We’ll look at the main ones that will help you with your online stock trading.
As set by Central Banks such as the FED in the US and the Bank of England in the UK. Interest rates and their setting is the key weapon for central influence on the economy. Raising rates is likes to slow down spending and take the heat out of a rising economy to stave off the threat of inflation. Conversely lowering interest rates is a spur to increase growth and spending in a downturn.
Whilst there are many definitions of the money supply the main thing to remember that an increase in the money supply over and above demand will likely fuel inflationary pressures. Interest rates have largely overtaken money supply management as the primary tool of central fiscal policy on both sides of the Atlantic with the glaring exception, post the 2007 crash, of the $trillion quantitative easing programs adopted globally. It is too early to fully assess the impact of these measure but we can not help but feel that inflation will follow as surely as night follows day.
There are a number of ‘official’ inflation rates but perhaps it is more important to look at a number of key indicators to assess the risks of inflation.
- GDP – (Gross Domestic Product) is the monetary value of goods produced in a given period. It includes consumer and government spending and is important to stock market traders as it indicates how fast the economy is growing (or not.)
- CPI – (Consumer Price Index) Measures the cost of a representative basket of goods and services and is perhaps the best known inflation measure among the general population.
- PPI – (Producer Price Index) Measures a basket of other indexes which impact producers, such as goods manufacturing and finishing.
- Retail Sales Data – tracks information about retail sales.
The number of unemployed and in work is a crucial indicator for traders on where the economy is heading. Rising unemployment can be an early sign of recession whilst rising wages indicate inflationary pressures on the way.

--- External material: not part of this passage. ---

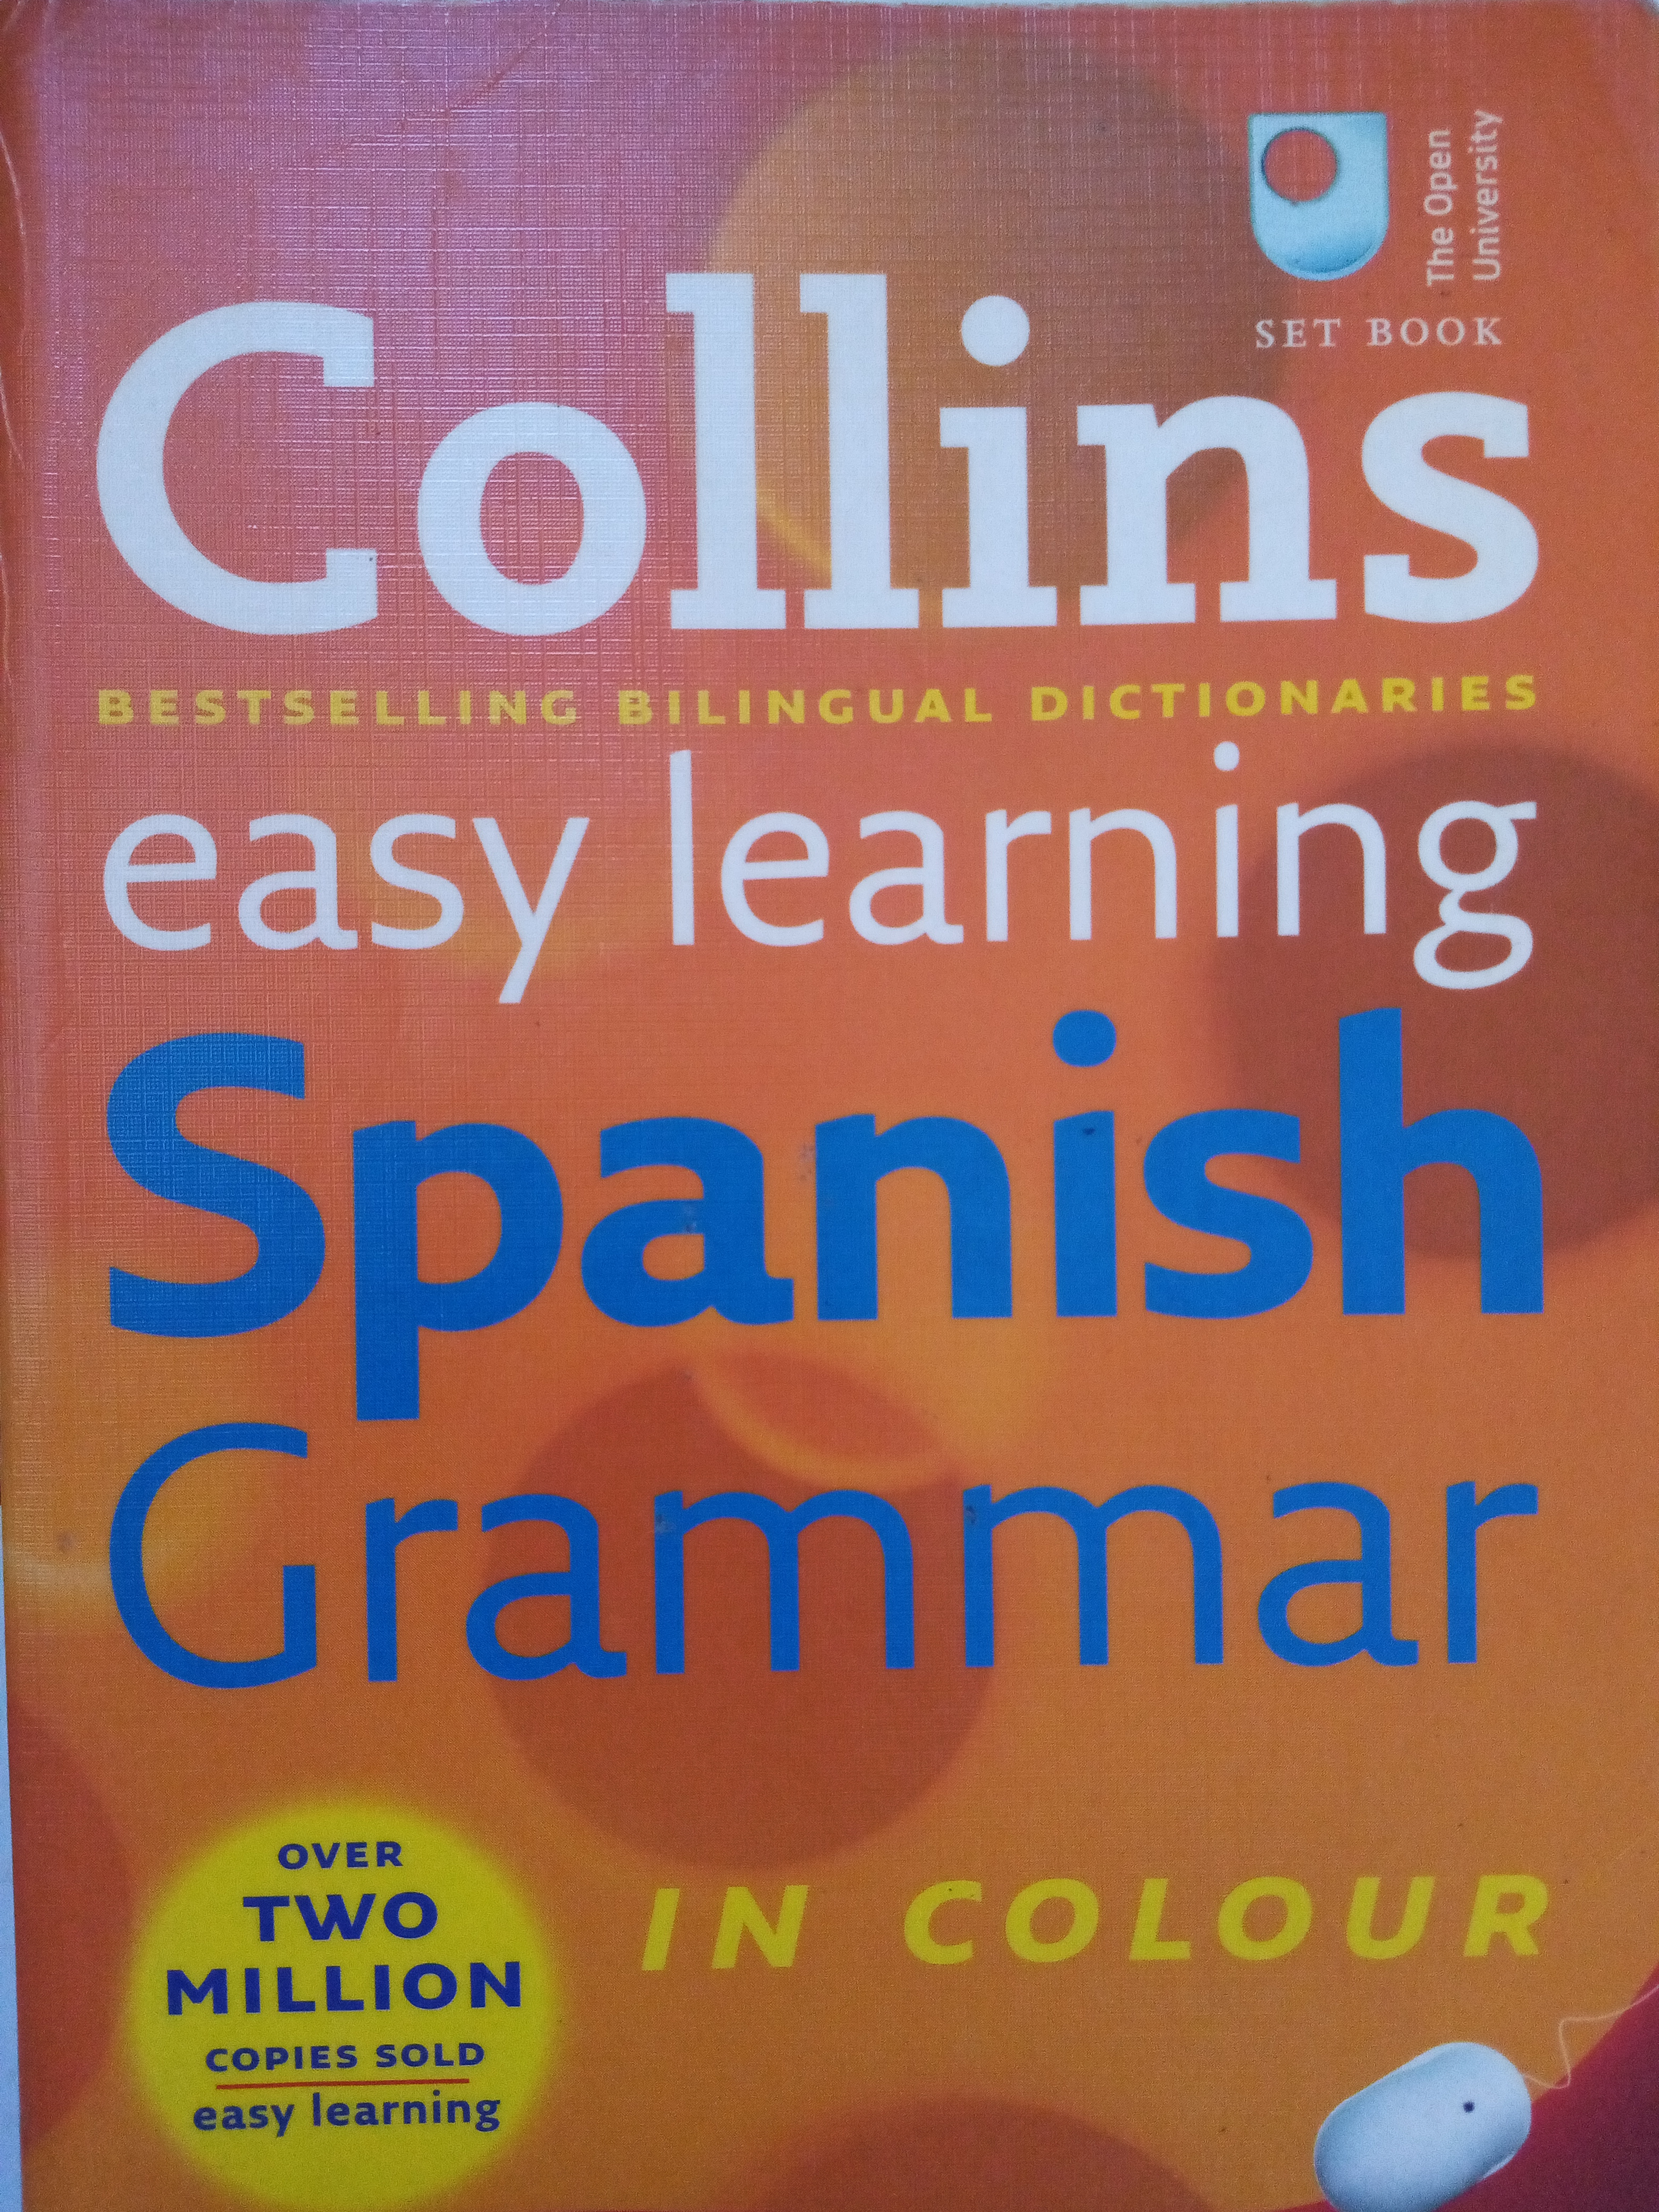 Collins Easy Learning Spanish Grammar; Collins-Dictionary, Cordelia Lilly; 2005

Consumer confidence is a good indicator of future market performance. High confidence leads to increased spending and when confidence is low pressure on interest rates will be downwards.
Again a number of indicators are used to assess business activity including, Orders, Housing Starts and various business surveys.
All in all there are large range of indicators that the stock trader must keep an eye on to help assess the current state of the economy and in which direction the next broad market move is likely to be. Your online stock broker will also advise you on their opinion of where the market is headed.